Possible CNS excitation or depression (hypertension or hypotension) can occur when opioid analgesics are given with antidepressants such as moclobemide (a reversible MAO-A inhibitor). The sedative effects of codeine can possibly be increased when given with tricyclic antidepressants, with anxiolytics or hypnotics, or with sedating antihistamines. Antipsychotic medicines can enhance hypotensive and sedative effects when opioid analgesics are given with antipsychotics.
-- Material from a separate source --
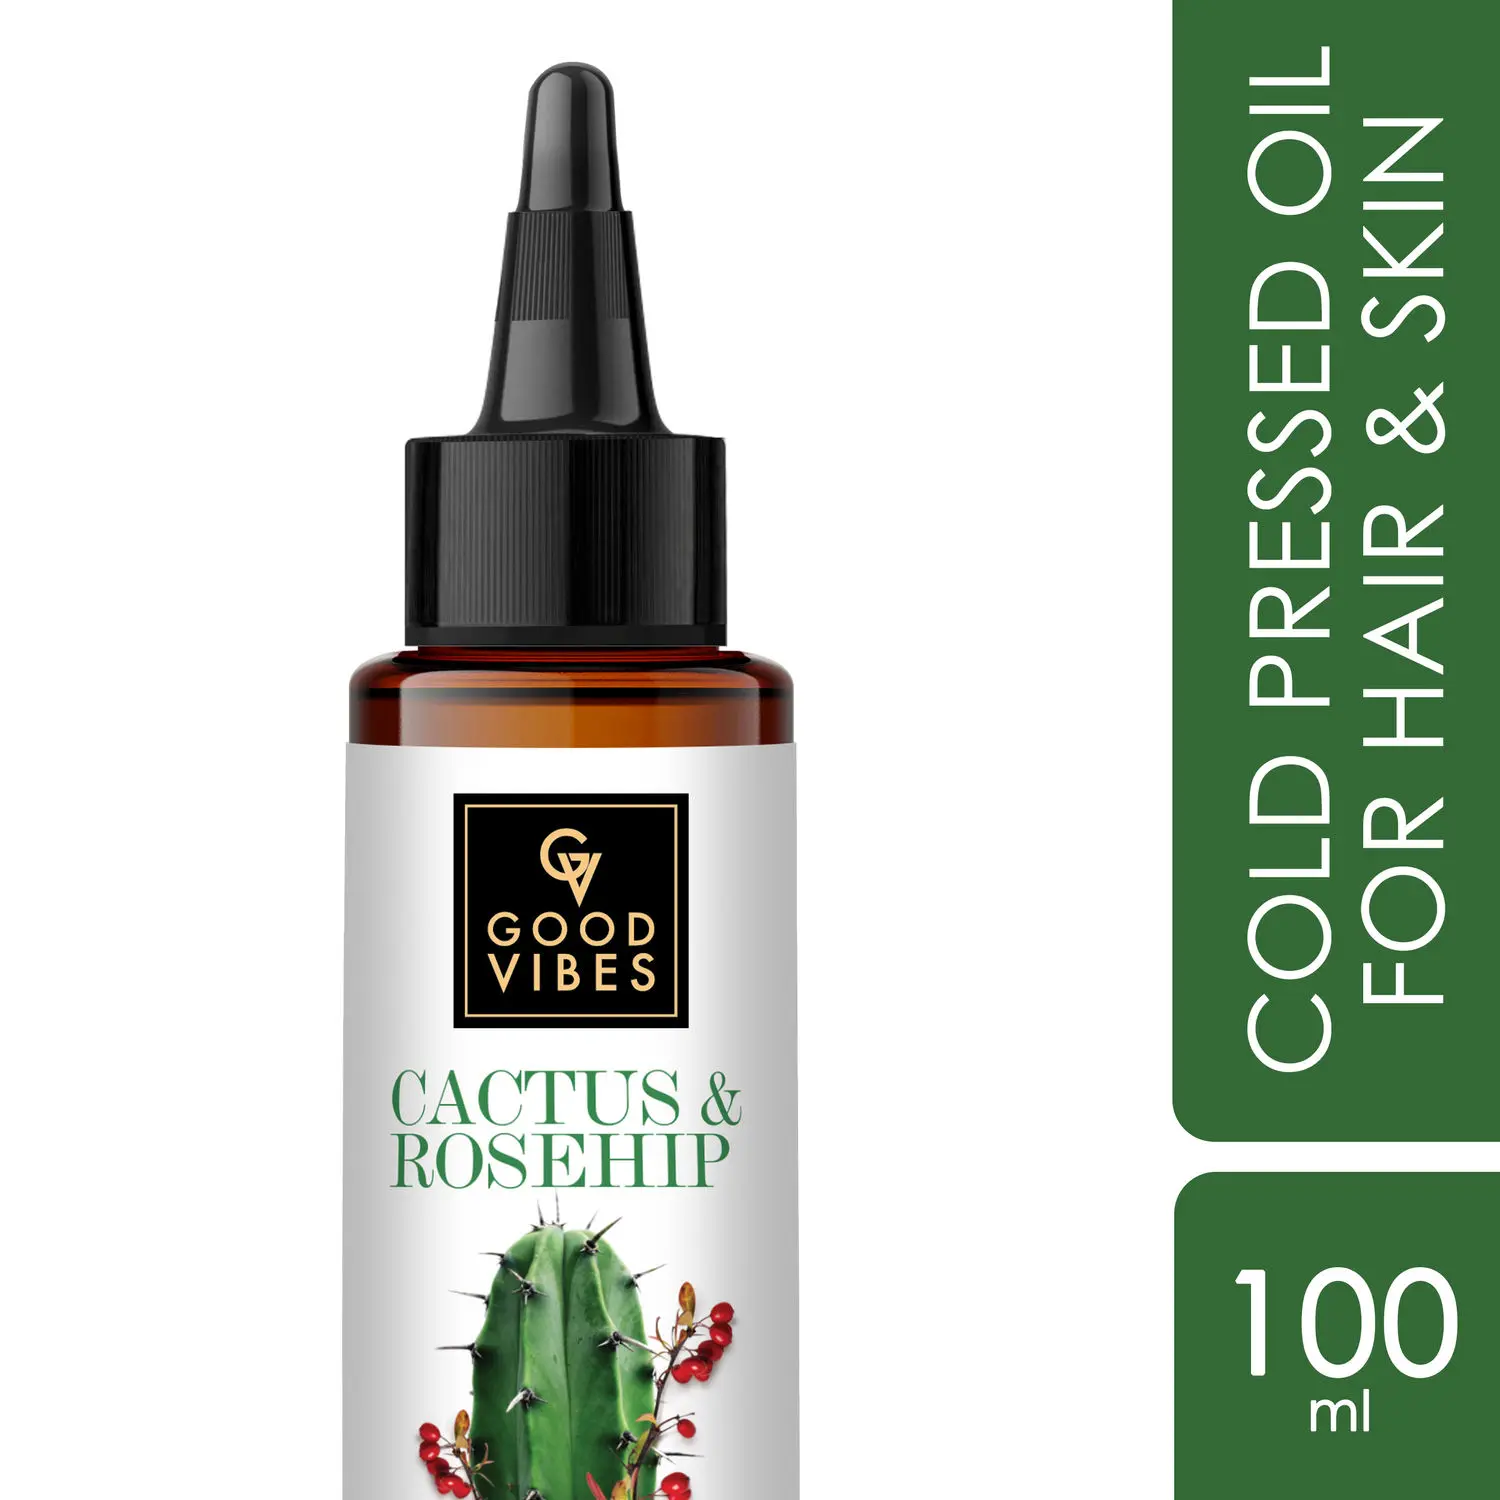 Good Vibes Cactus And Rosehip Cold Pressed Oil For Hair & Skin (100ml)

Monoamine oxidase inhibitors: MAOIs taken with pethidine have been associated with severe CNS excitation or depression (including hypertension or hypotension). Although this has not been documented with codeine, it is possible that a similar interaction may occur and therefore the use of codeine should be avoided while the patient is taking MAOIs and for 2 weeks after MAOI discontinuation, including MAO-B inhibitor selegiline. This may also apply to the antibacterial linezolid, which is a reversible, non-selective MAO inhibitor.

Anti-emetics: The reduction in intestinal motility caused by codeine may delay the absorption or antagonise the gastrointestinal effects of other drugs e.g. metoclopramide and domperidone.

Metabolism of opioid analgesics is inhibited by cimetidine leading to increased plasma concentration.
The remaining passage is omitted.